この作品は、短めのAmbient/Droneを4トラック収めた小品。やや粒子の粗い(Lo-Fiといってよいのか)サンドペーパーのようなテクスチュアからは、Drone musicとしてのShoegazeという表現も可能なのかもしれない。黄昏時の空に眺める不安定な雲の流れのような、ゆるやかでスムースで、ほんの少し陰りのあるサウンドスケープは、リスナーの心を、知らず穏やかにする。

映像におきかえて表現することが許されるなら、ズバリ8mmフィルムのそれだろう。輪郭の丸みから生まれるアナログ感覚。ぼやけた輪郭は、まるで頭の中にある記憶のようで。それはすぐにノスタルジアに結びつく。ブラウン管。ビデオテープ。カセットテープ。今とは切り離された(あるいは失われた)、あの頃。サウンドのかすかな粗さが生むざらついた感覚が、風の音だとすれば、電子の波、その持続にあるゆらぎは、揺れる木々の間からチラチラと漏れる陽光のそれ。そのまぶしさに目を細めながら、リスナーは(いや私は)、つかまえられない記憶をつかもうとして、ノスタルジアの中を、浮かび続ける。

アッパーでもダウナーでもなく。

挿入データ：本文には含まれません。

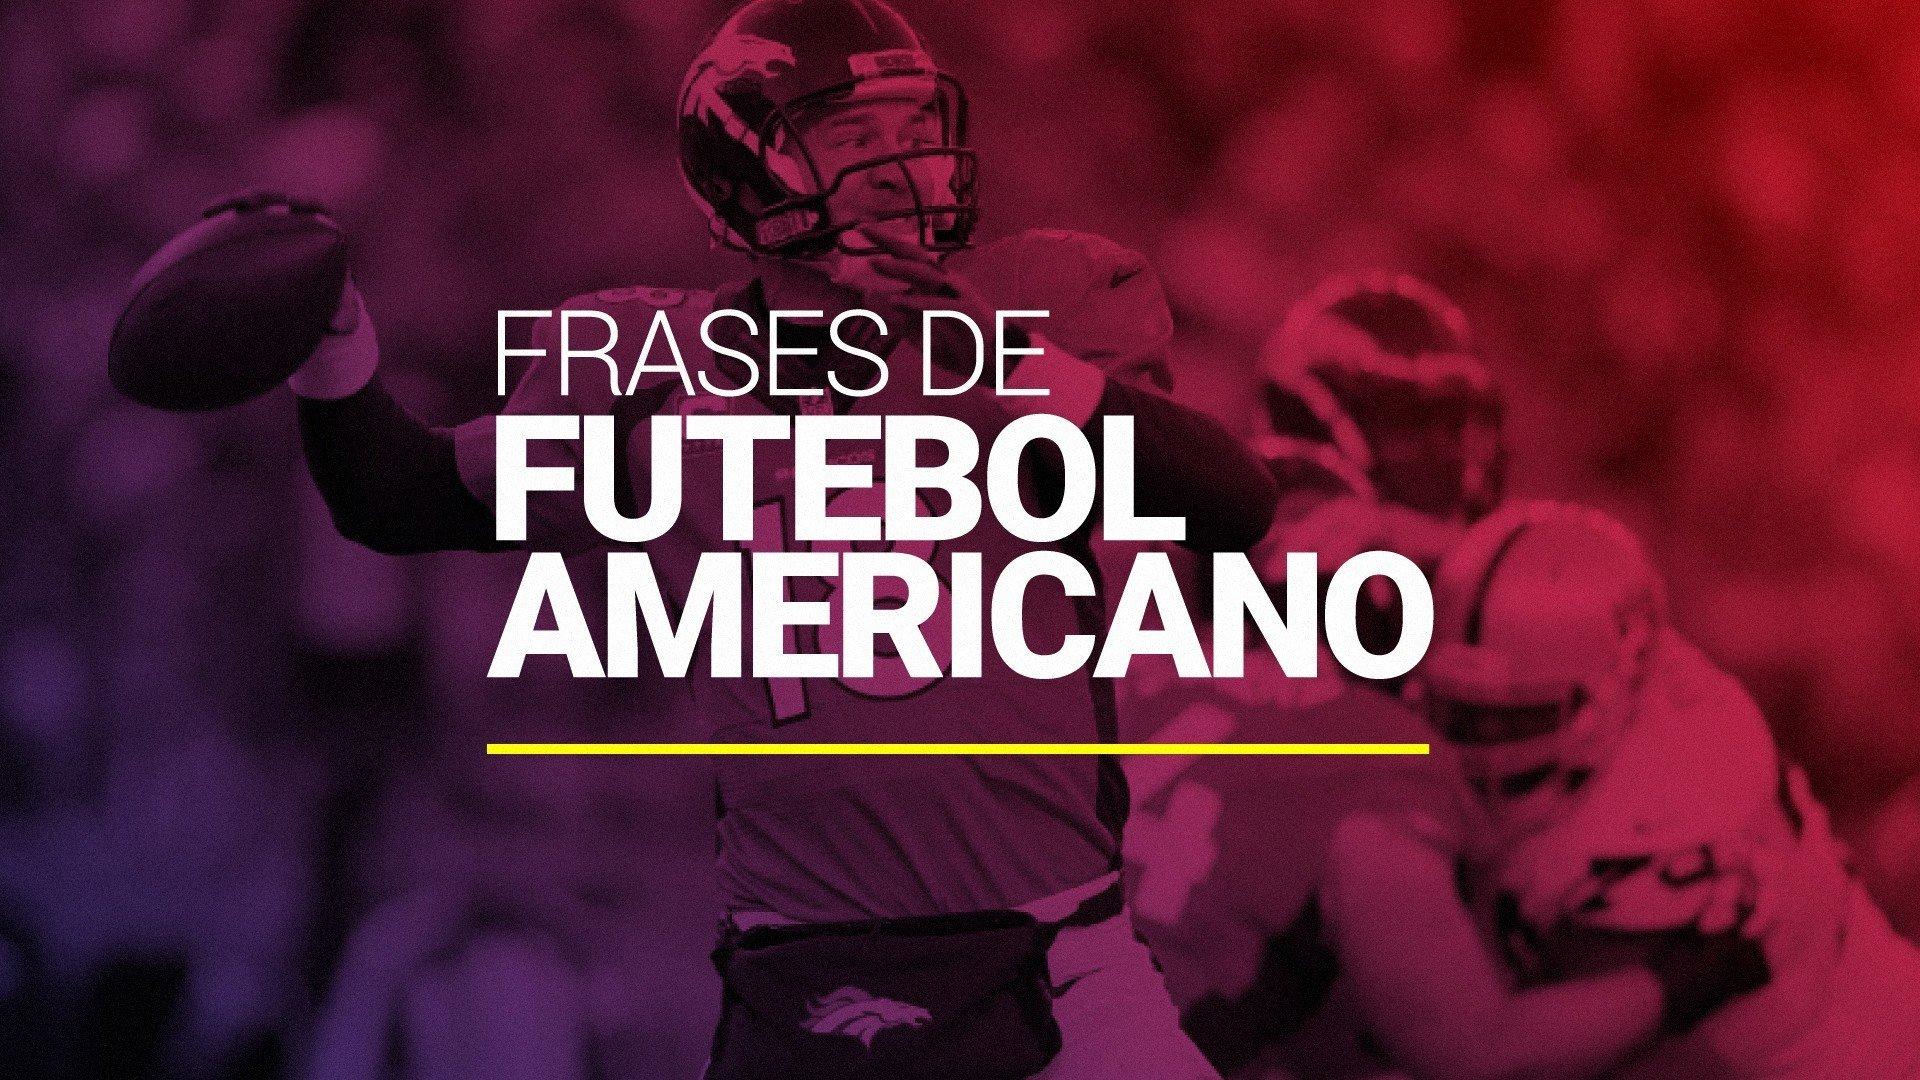 45 Frases De Futebol Americano Motivação E Superação

おだやかな水面をたゆたうような、独特の浮遊感が、全編でキープされている。仰々しさもなく。音楽的でもない。けれど、よい作品だと思います。収録時間も冗長さがなく、コンパクトで聴きやすい。最近は入浴中にAmbient/Droneを聴いてみたりしているのだけれど、そのレパートリーに加えてみたいと思います。気持ちよさそうだ。恍惚が訪れるやもしれぬ。